Compulsory licensing is also at the core of the WTO Ministerial Decision of June 17, 2022, on the TRIPS Agreement in the context of the COVID-19 pandemic, often referred to as “the TRIPS waiver.” [10] The decision reiterates members’ rights to authorize the use of the subject matter of patents needed for the production and supply of COVID-19 vaccines, without the consent of the patent holder. The decision further waives the TRIPS requirement that a compulsory license of vaccine technology be predominantly for the supply of the domestic market, so that equitable access can be achieved across countries. But since compulsory licensing extends only to patents and not to other forms of IP that are essential in vaccine production, such as manufacturing know-how, the utility of the decision for vaccines will likely be limited. Discussions are now ongoing at the WTO to extend the decision to COVID-19 therapeutics and diagnostics, which are more suitable technologies for compulsory licensing.
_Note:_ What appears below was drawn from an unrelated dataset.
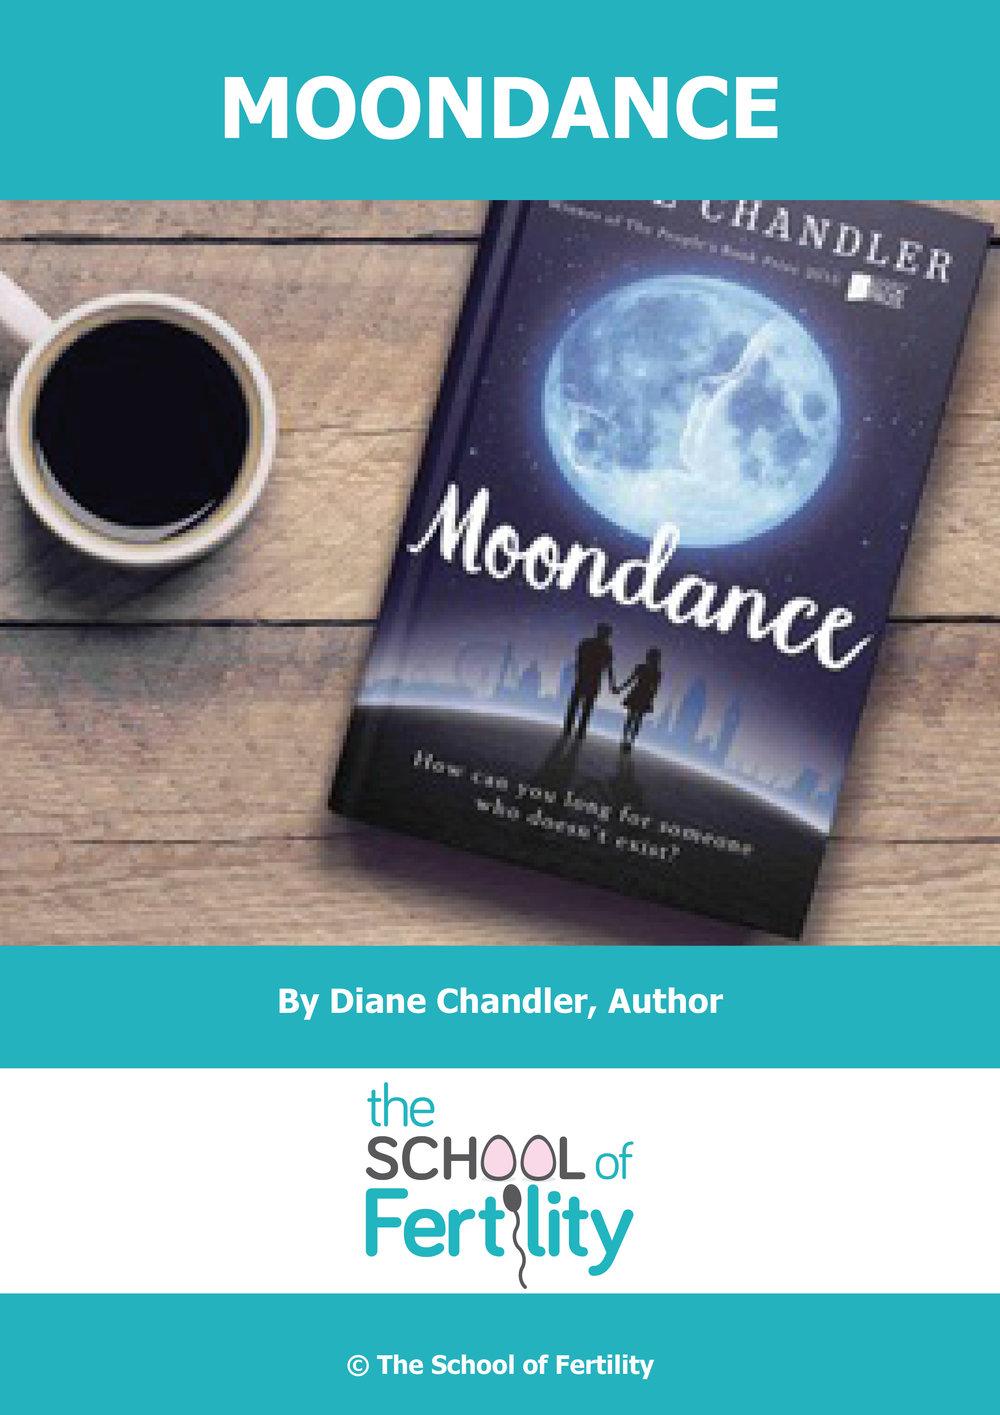 Moondance (c) The School of Fertility

Tension between protecting IP and protecting the human right to health remains. The COVID-19 pandemic and the inability of developing-country manufacturers to obtain IP, know-how, and technology needed to produce COVID-19 vaccines through voluntary measures illustrates the need for a more forceful implementation of the measures the TRIPS Agreement offers to rebalance IP and human rights. If vaccine companies had agreed to collaborate with the COVID-19 Technology Access Pool to share IP, provide manufacturing know-how, regulatory information needed to obtain marketing authorization, and technical assistance, eligible producers in various countries would have been able to start producing and supplying COVID-19 vaccines. Instead, vaccines were first supplied within the wealthy nations that held the technology to produce them. The subsequent hoarding of vaccines by those nations might have cost a million lives. [11]
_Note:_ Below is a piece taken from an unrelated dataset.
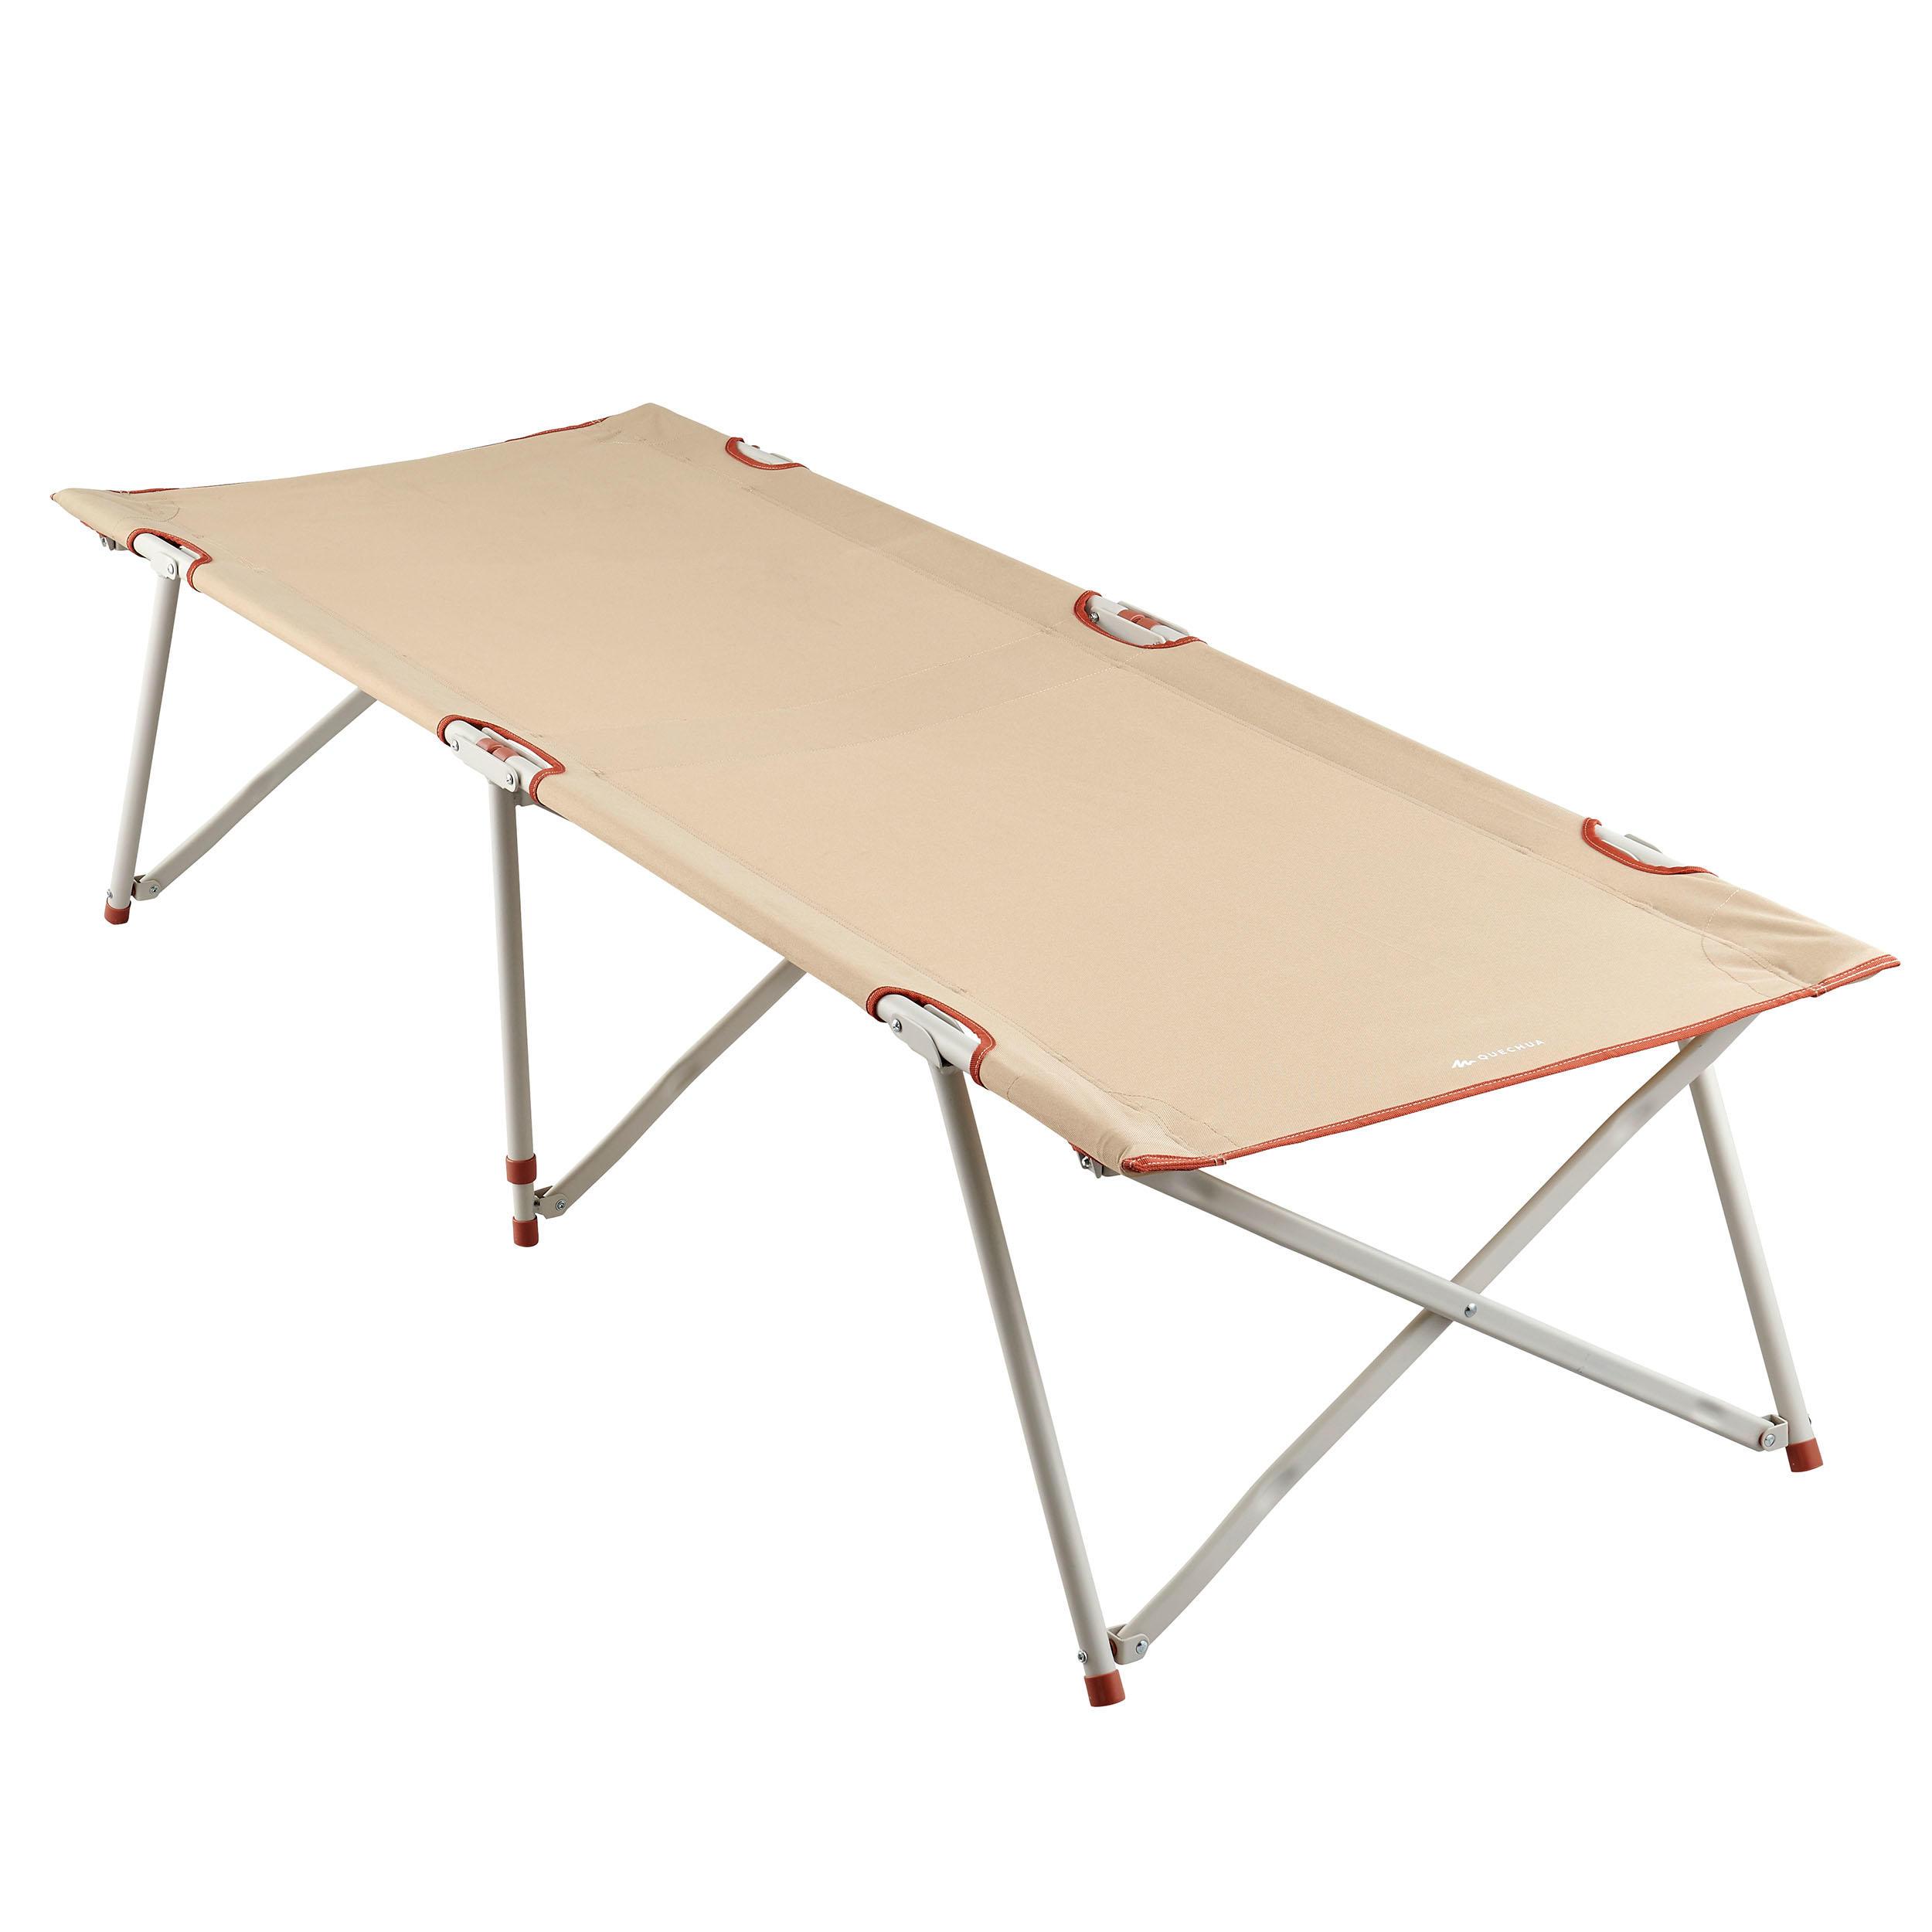 Pat camping Second - 65 cm

In 2015, the then United Nations Secretary-General Ban Ki-moon established the High-Level Panel on Innovation and Access to Health Technologies to “review and assess proposals and recommend solutions for remedying the policy incoherence between the justifiable rights of inventors, international human rights law, trade rules and public health in the context of health technologies.” [12] The eight recommendations of the panel regarding the protection of intellectual property center around the use of TRIPS flexibilities, which can be implemented within the current TRIPS framework. However, the panel also warned against the pursuit of stricter levels of IP protection in bilateral and regional trade talks. Specifically, the panel recommended that countries refrain from demanding that their trading partners implement IP obligations that go beyond TRIPS. The recently leaked draft IP chapter of the UK-India free trade agreement is evidence that high-income countries continue to seek to erode TRIPS flexibilities implemented in national law. [13] The lack of transparency around such trade negotiations means that democratically crafted national legislation is changed in closed-door trade negotiations. Considering the important role of the Indian pharmaceutical industry in the supply of low-cost medicines, applying stricter IP rules that are not required under WTO law will have consequences far beyond India alone.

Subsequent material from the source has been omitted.